13. Presence of the complainant or her lawyer would have been necessary, as indicated hereinbefore, only for the purpose of cross- examination of the witnesses examined on behalf of the defence. If she did not intend to do so, she would do so at her peril but it cannot be said that her presence was absolutely necessary. Furthermore, when the prosecution has closed its case and the accused has been examined under Section 311 of the Code of Criminal Procedure, the court was required to pass a judgment on merit of the matter.

16. However, keeping in view of the fact that the complaint petition was filed as far back on 10.01.2002, the learned Trial Judge should proceed with the matter in accordance with law and dispose of the case as expeditiously as possible.
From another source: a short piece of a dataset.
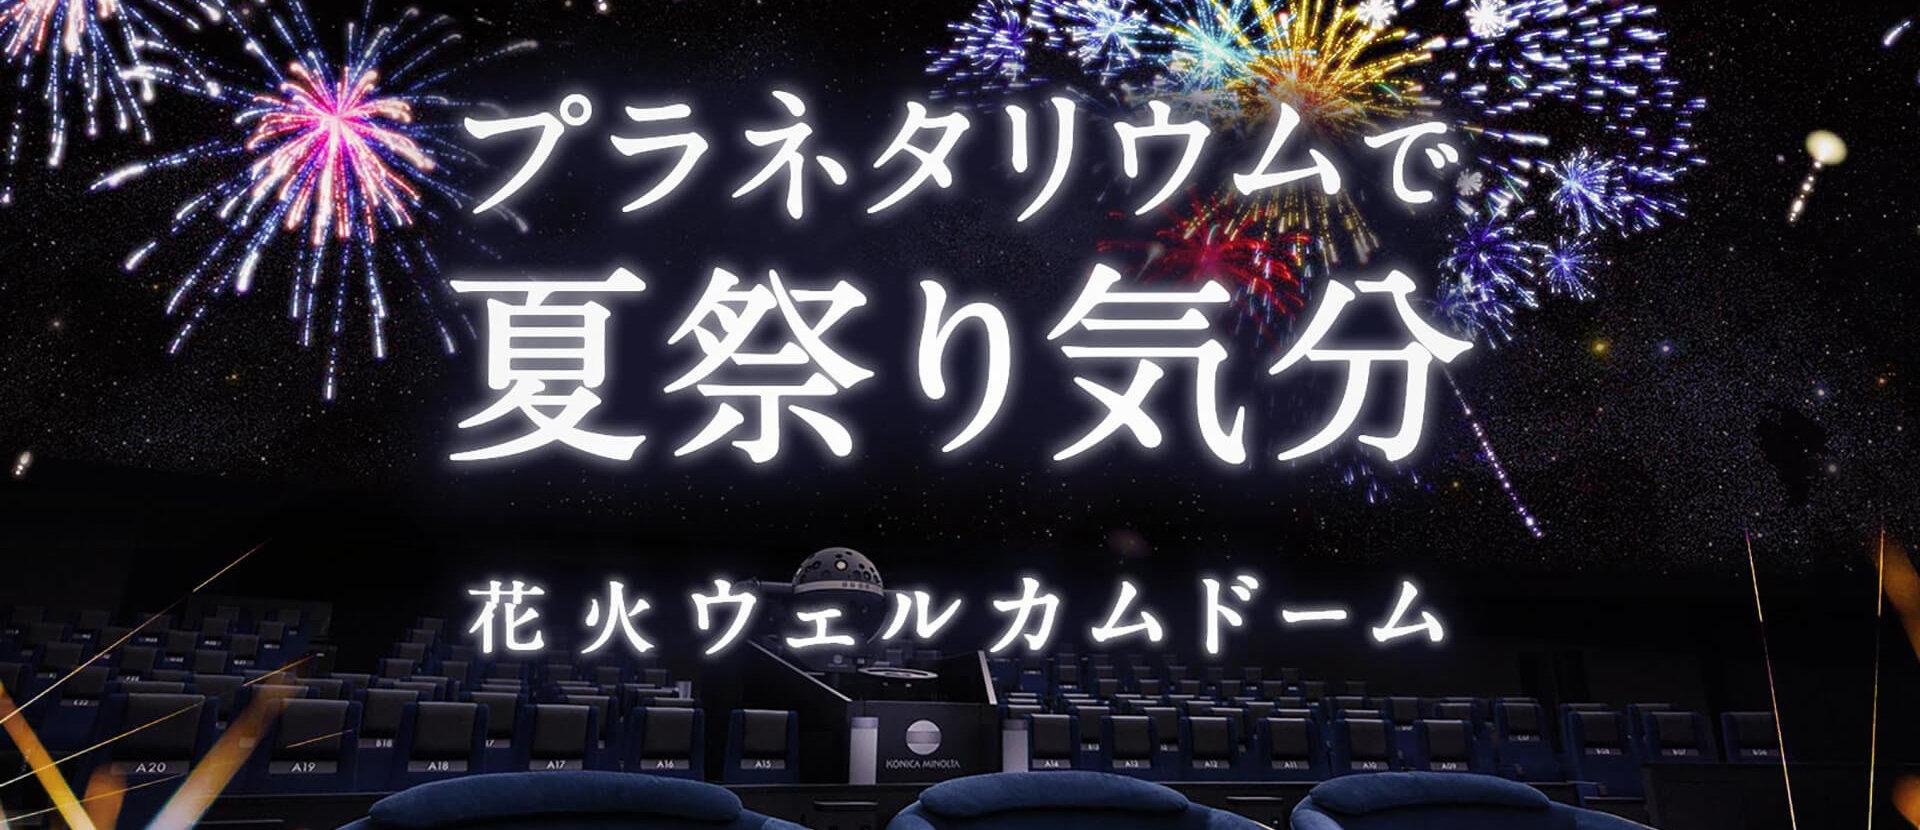 """コニカミノルタプラネタリウム""""天空""""in 東京スカイツリータウン「花火ウェルカムドーム」"""

On the date(s) on which the accused remains present, the complainant would not take any adjournment and in the event she does not choose to be represented in the court, the court shall proceed in the matter in accordance with law. Both the accused and complainant are directed to appear in the Trial Court within two weeks from date."

11.The judgment, S. Rama Krishna (Supra) relied upon by the petitioner is clearly distinguishable from the facts of the present case as the complaint in that case was at the initial stage of the trial, whereas in the present case, the trial has progressed to the stage of defense evidence.

12.In view of the fact that the trial is at its fag end, being fixed for the defence evidence as last opportunity, the absence of the respondent/ complainant shall not prejudice the petitioner or hamper the trial. I find no infirmity

with the order of the learned MM. The trial has to proceed as per law. The learned Magistrate shall proceed to record the defence evidence if any, after issuing Court notice to the complainant through counsel.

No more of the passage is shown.